Fast Facts of Yokohama
Yokohama, is the first harbor city introduced to the world as the entrance to Japan. Since the time its port was opened, Yokohama has been vigorously acquiring new cultures and information from foreign countries and introducing to Japan our country's first-time-ever things from food to a wide range of cultures, which entitles Yokohama as the birthplace of Japan’s modern culture. The Yokohama, referred to as “Hamakko” in Japanese, has been very cheerful at enjoying life and willing to adopt whatever is good. Such a tradition of the “Hamakkos” cultivated long ago has been incorporated into the present fashionable and sophisticated streetscape.
History of YOKOHAMA
Before the Opening of the Port
According to documents, Yokohama dates back to the 11th century. The Kanmu Heishi family is said to be from Yokohama. Yokohama was ruled by the descendants of Yoshibumi Taira, and this rule continued up to the 16th century.
In the 12th century, the Kamakura period, Yokohama was developing, and Shomyoji Temple and Kanazawa Bunko were built in Kanazawa by Hojo. At the same time, in Kozukue, rice cultivation had been established by Yasutsuna Sasaki.

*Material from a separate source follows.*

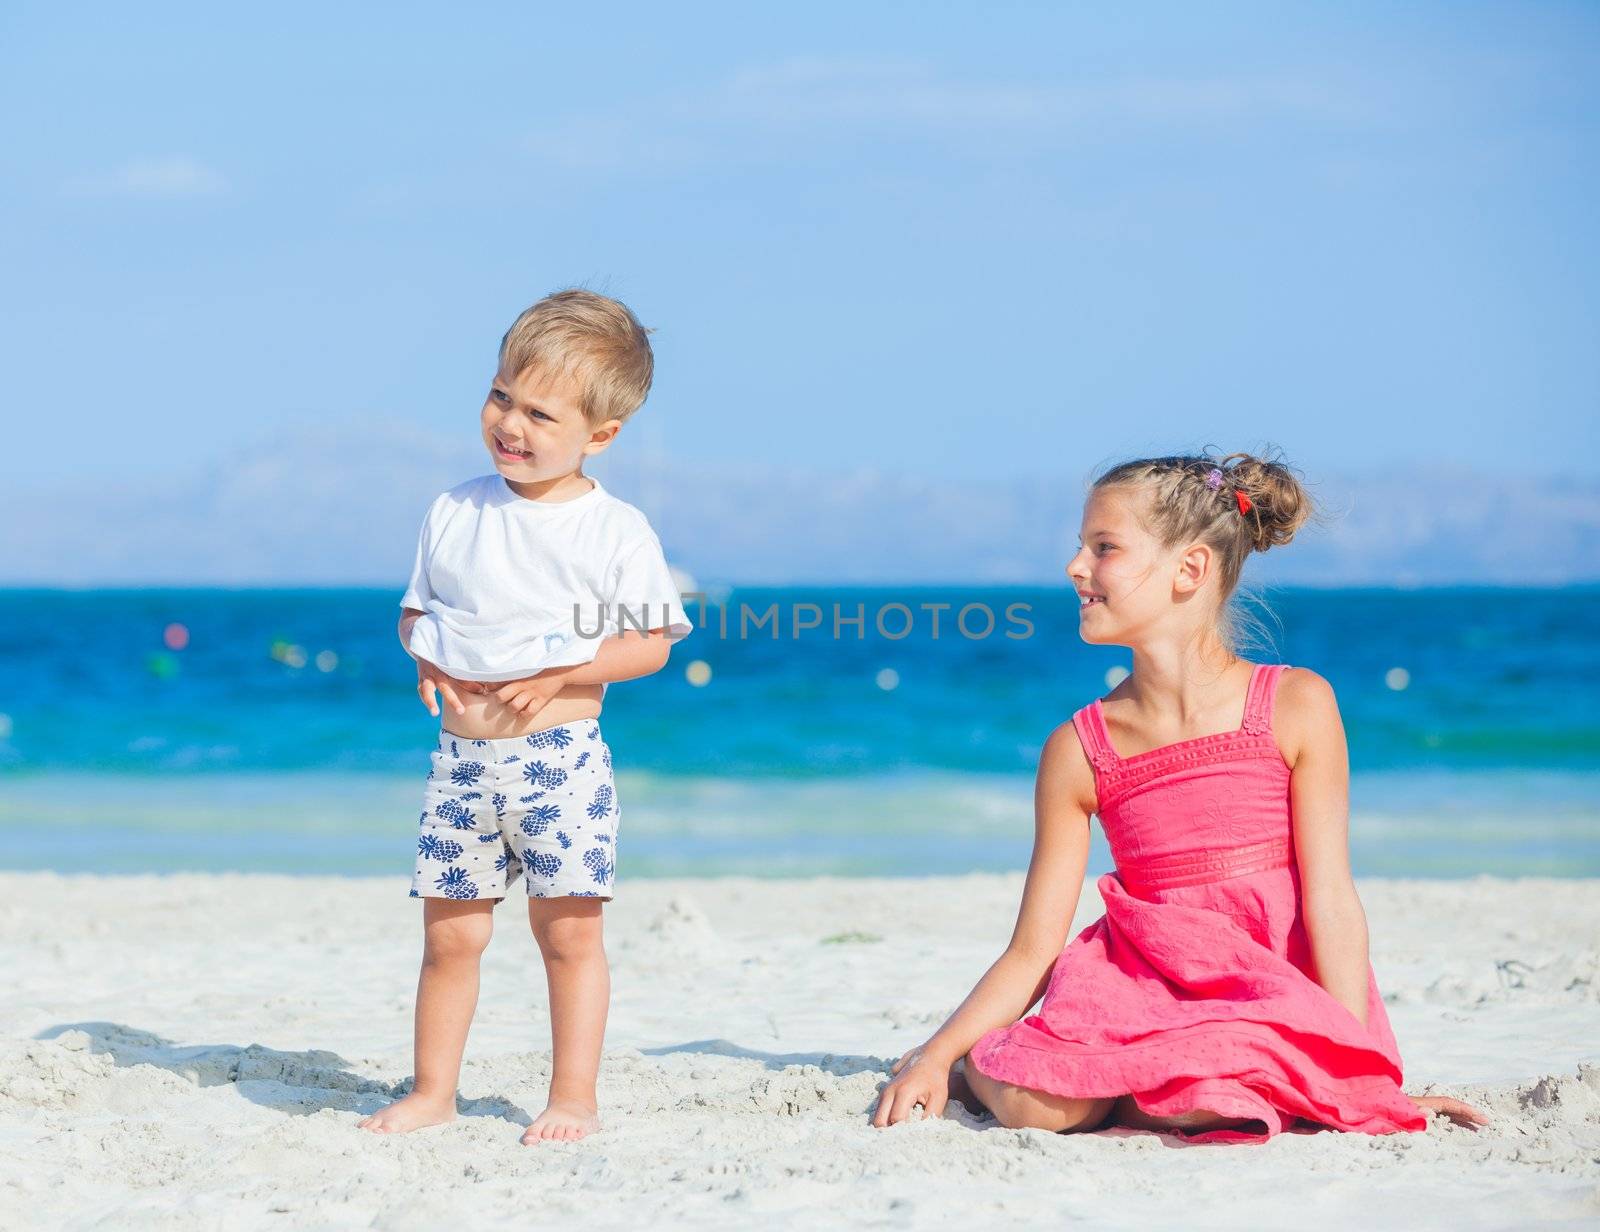 Boy with his sister walking on jetty by maxoliki

After this, during the Edo period, most of Yokohama came under the direct control of the feudal government except for the Mutsuura Clan in Kanazawa which came under the control of a feudal lord.
In 1601Kanagawa and Hodogaya, and in 1604 Totsuka became post stations on the Tokaido Route. In the early 19th century as the population increased Kanagawa became as important as a town as Odawara (a castle town).